Regardless of whether the join/filter was done in one step or two, the results
need to be grouped and summed to match the TPC-H query. The following call is
given the directive to sort_by
the value
, which will sort on the
aggregation column:
records = join_view.aggregate_group_by(
column_names = [
'n_name',
'SUM(effective_price) as revenue'
],
offset = 0,
options = {"sort_by":"value", "sort_order":"descending"}
)['data']
The results can be displayed by calling:
for record in zip(records["n_name"], records["revenue"]):
print "{:<13s} {:7.2f}".format(record[0], record[1])
In order to improve the performance of a join operation, the columns used to make the relation should be indexed.
When a join is performed along a foreign key relation, it is indexed automatically as a function of the foreign key itself--no additional setup is required.
When a join is performed along a relation where no foreign key exists, the indexing must be done as a separate configuration step. Both columns, on either side of the join relation, should have a column index applied. An error may result if a join is attempted across a relation where only one side of the relation is indexed.

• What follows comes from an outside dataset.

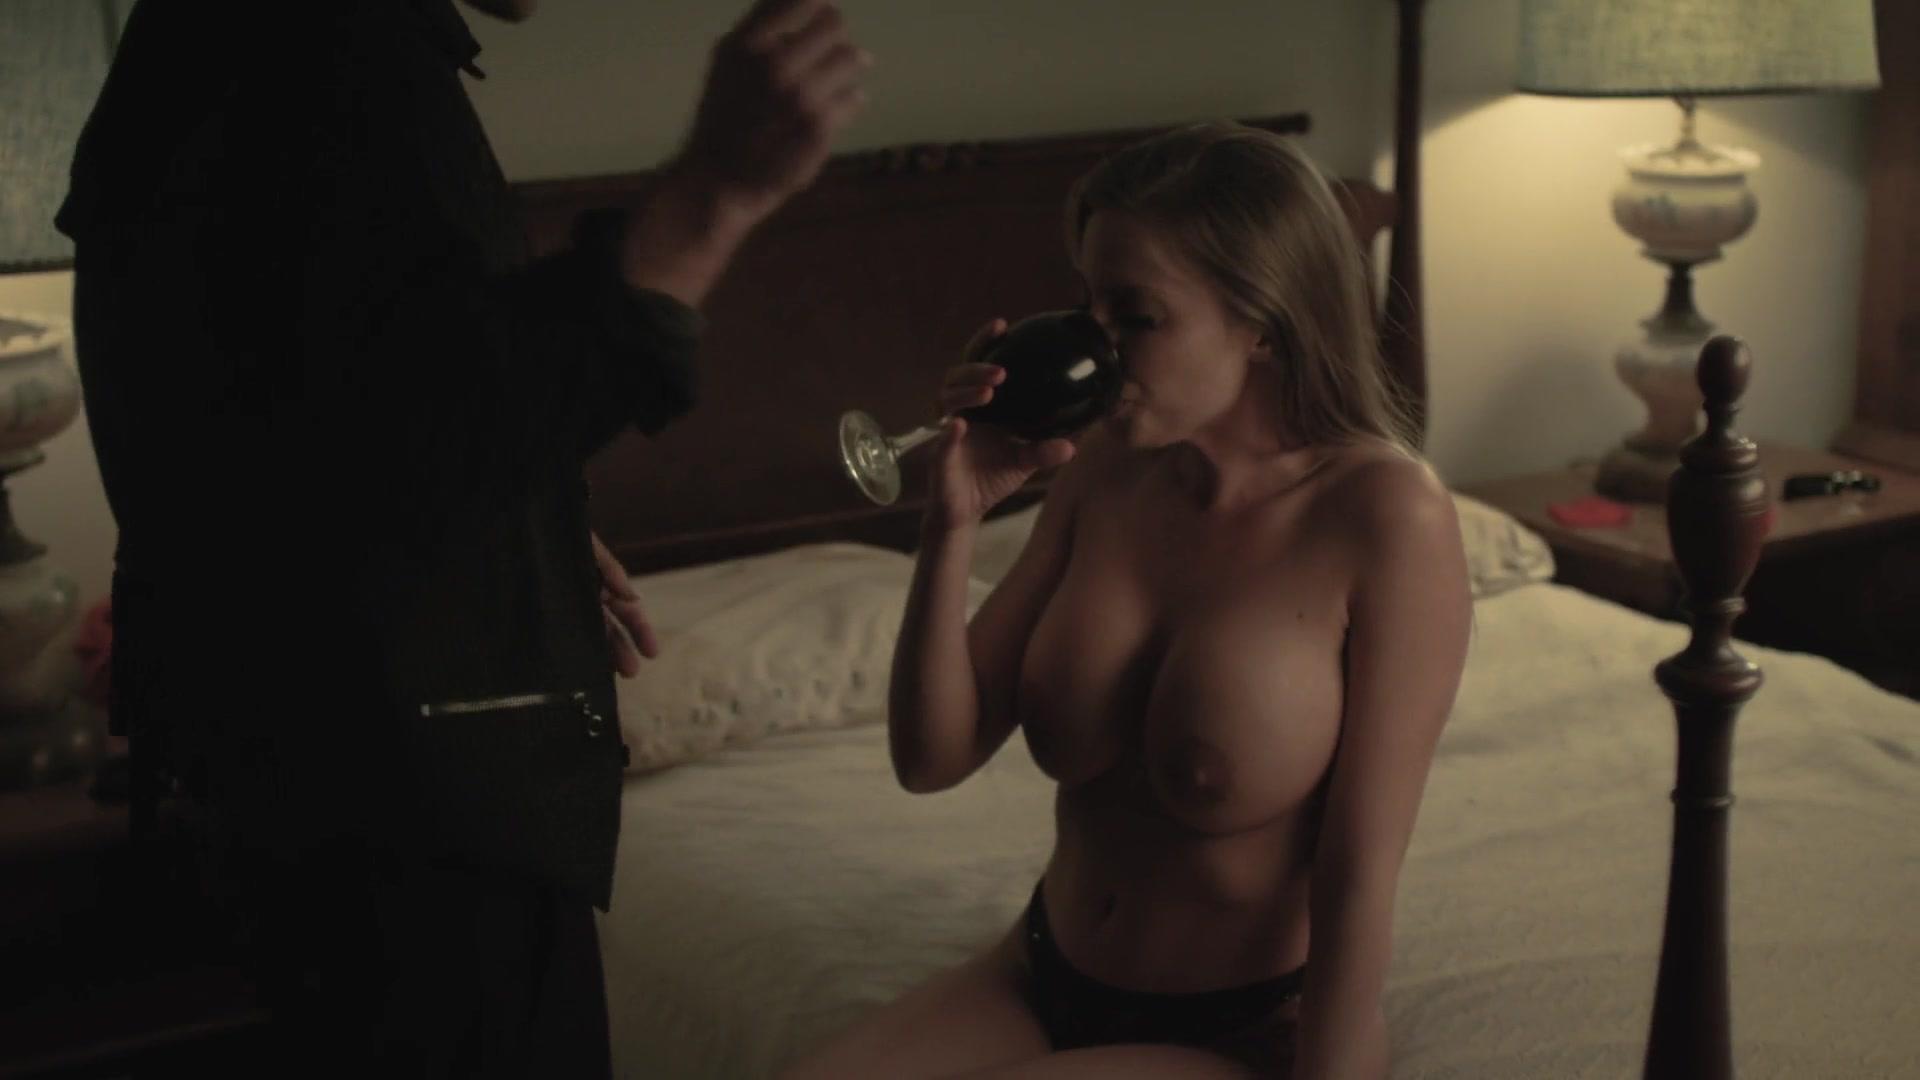 Stripper Gives Lap Dance

When a composite equi-join is performed, only one index will be used. For
example: you have two tables, a
and b
, that each have the same columns,
x
and y
. You also have an attribute index on each column. If you use the
expression a.x == b.x and a.y == b.y
, only the first expression,
a.x == b.x
, will use the index.
Joins have a variable memory footprint depending on the type of join. Kinetica will attempt to create the most efficient join as possible. The amount of memory a join requires depends on the type of join and the source data sets being joined together.

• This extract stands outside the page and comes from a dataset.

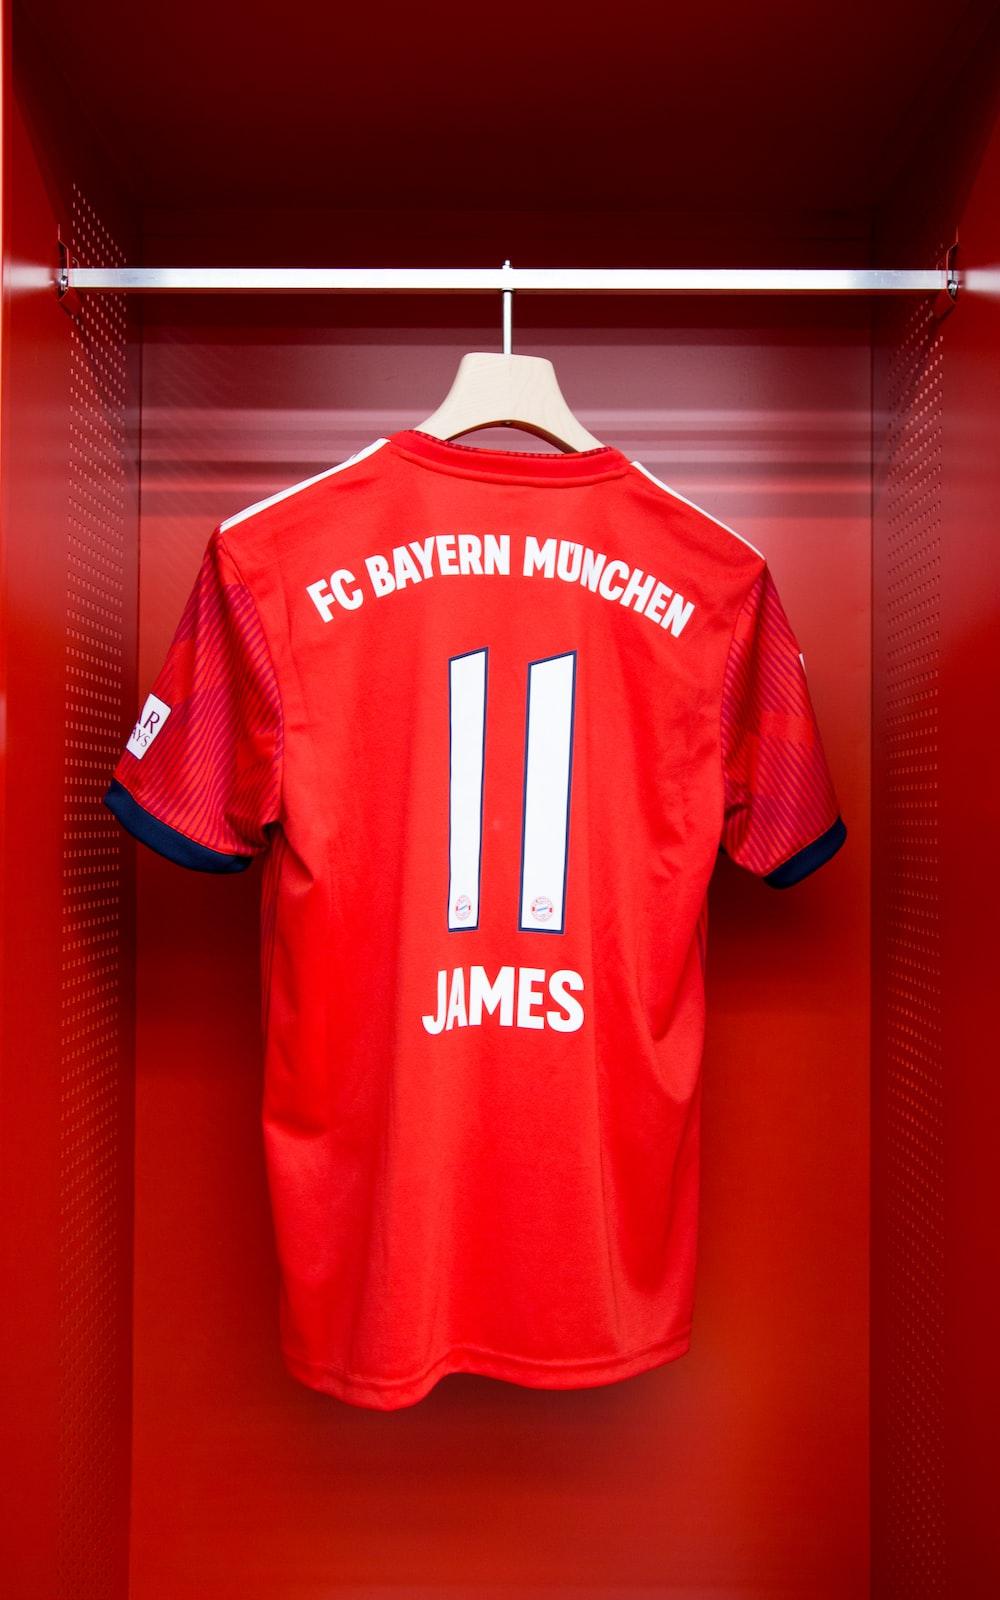 red FC Bayern Munchen James 11 jersey

Any column expression used in the column list for a join will be evaluated when the join is queried, requiring no persistent memory to hold the calculated values. While the memory footprint is small, the performance impact could be large, as the expression will need to be re-evaluated each time the join is queried.
Join views are affected by data modifications on underlying tables in different ways, based on the type of data modification.
Overall, data manipulation within the tables supporting a join view will not cause the number of records returned by the join view to change, though updates to records already part of the join view record set will be reflected in the data values retrieved from the join view.